- Created by: ARY News
- Presented by: Iqrar Ul Hassan
- Starring: Iqrar Ul Hassan
- Opening theme: Exposing Crime
- Country of origin: Pakistan
- Original language: Urdu
- No. of episodes: 300+

Production
- Production location: All over Pakistan
- Camera setup: Multiple-camera setup
- Running time: 38-40 minutes

Original release
- Network: ARY News
- Release: 2012

= Sar e Aam =

Former Pakistani live television show

Sar e Aam was a Pakistani Urdu-language investigative crime show aired on ARY News from 2012 to 2026. It was hosted by Iqrar Ul Hassan and was known for exposing corruption in Pakistan through undercover investigations. It ended in 2026 when Iqrar Ul Hassan resigned from ARY News after a long career.

== History ==
The show was broadcast every Saturday at 7 PM on ARY News.
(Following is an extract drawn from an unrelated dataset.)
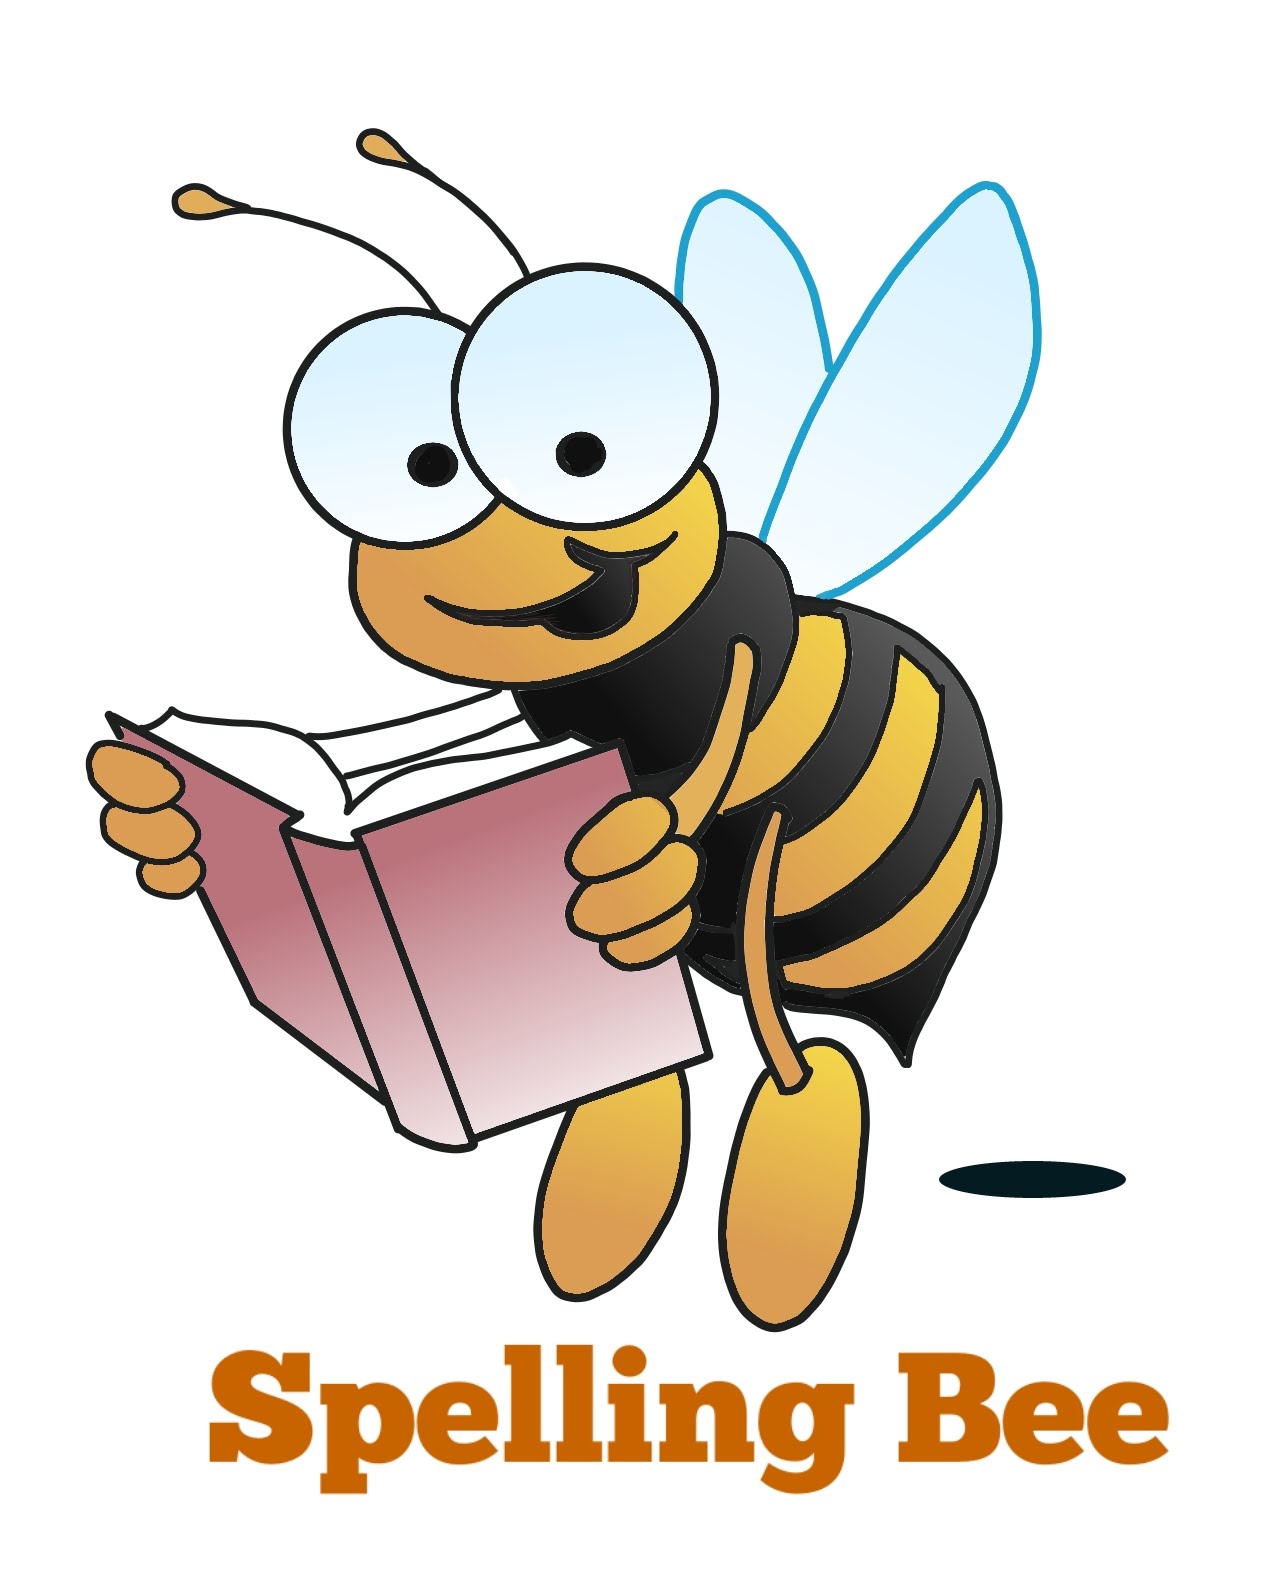 Spelling Bee SpellQuiz
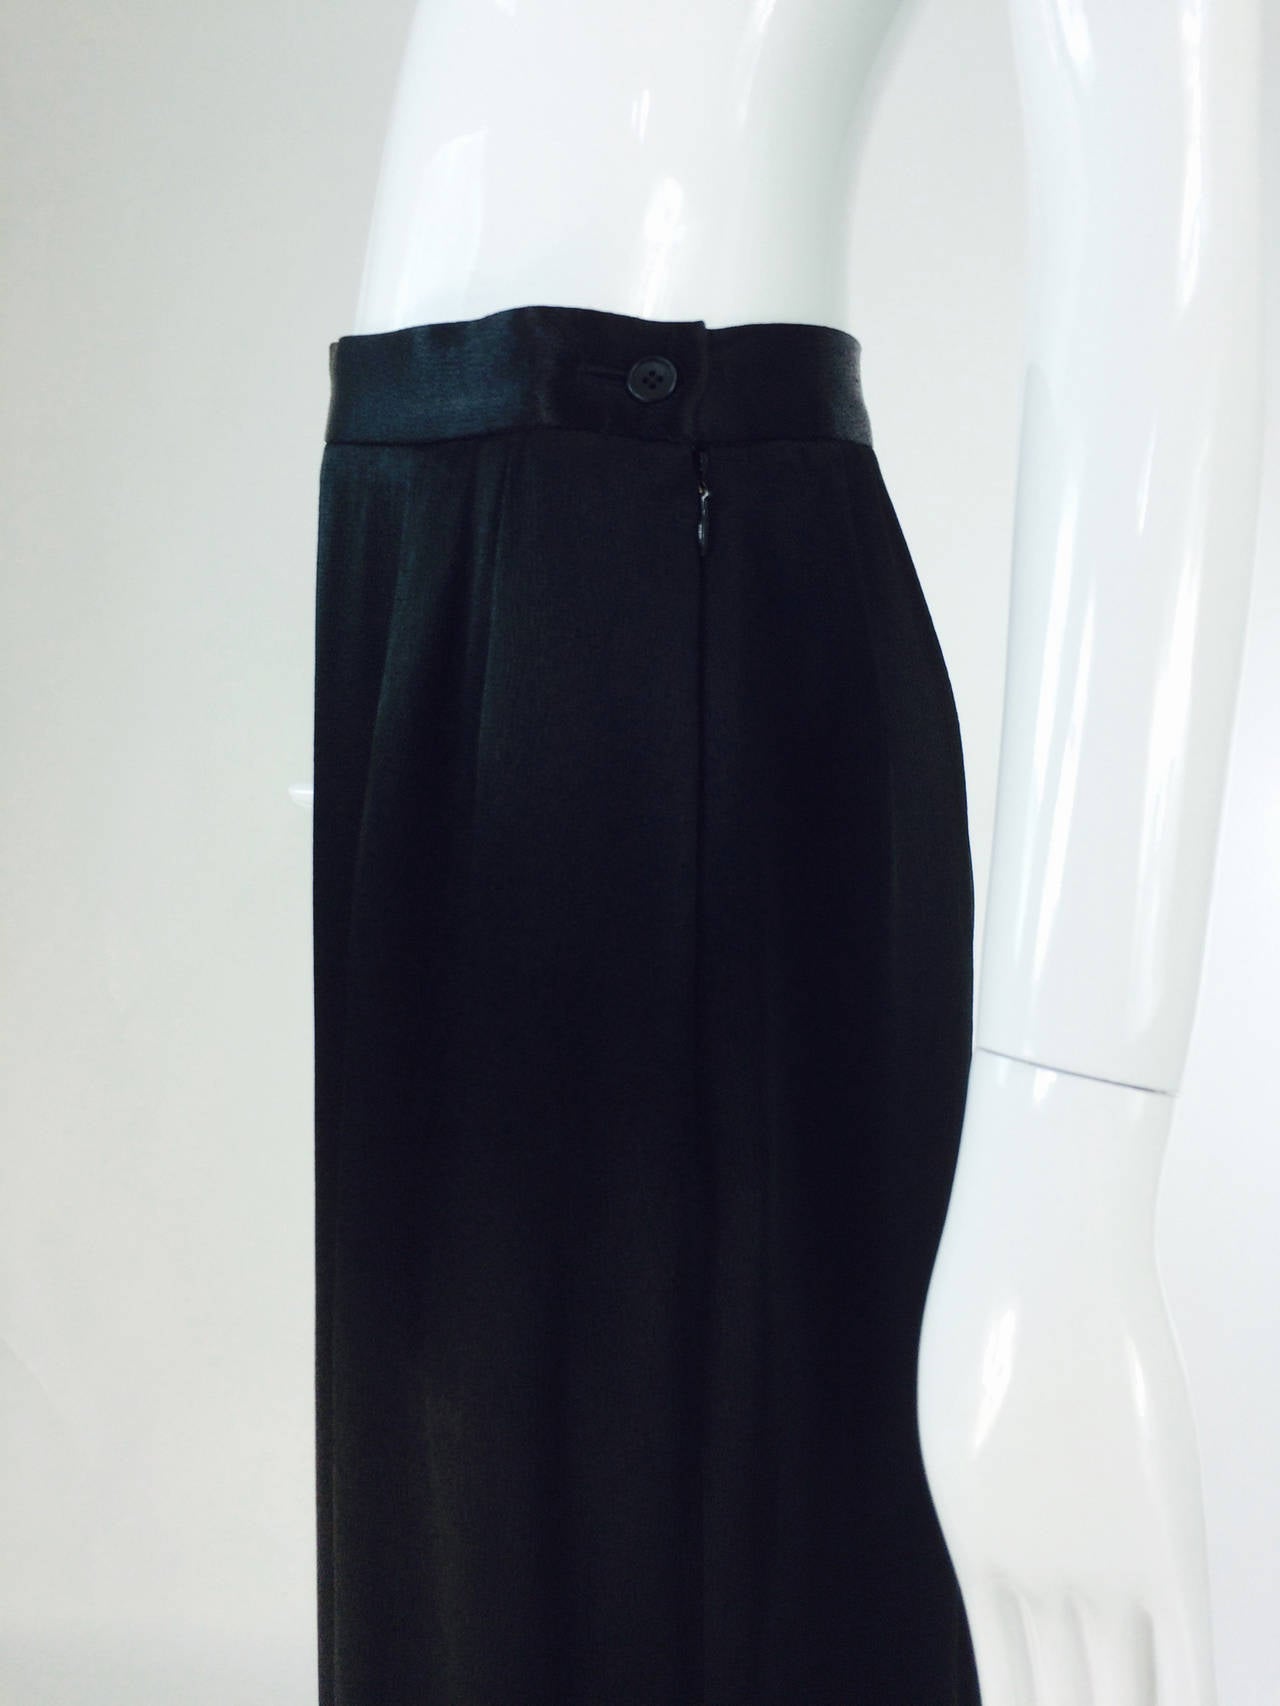 Women's Yves St Laurent Rive Gauche black hammered satin evening skirt

The program became notable for exposing corrupt individuals, fake businesses, and unauthentic or substandard products and services, including cases where well-known company names were misused or imitated. Its general focus was on raising public awareness about hidden criminal and fraudulent activities in society. The show was also known for conducting field investigations that sometimes led to the sealing or shutdown of illegal industries, unauthorized home-based businesses, and other fraudulent operations.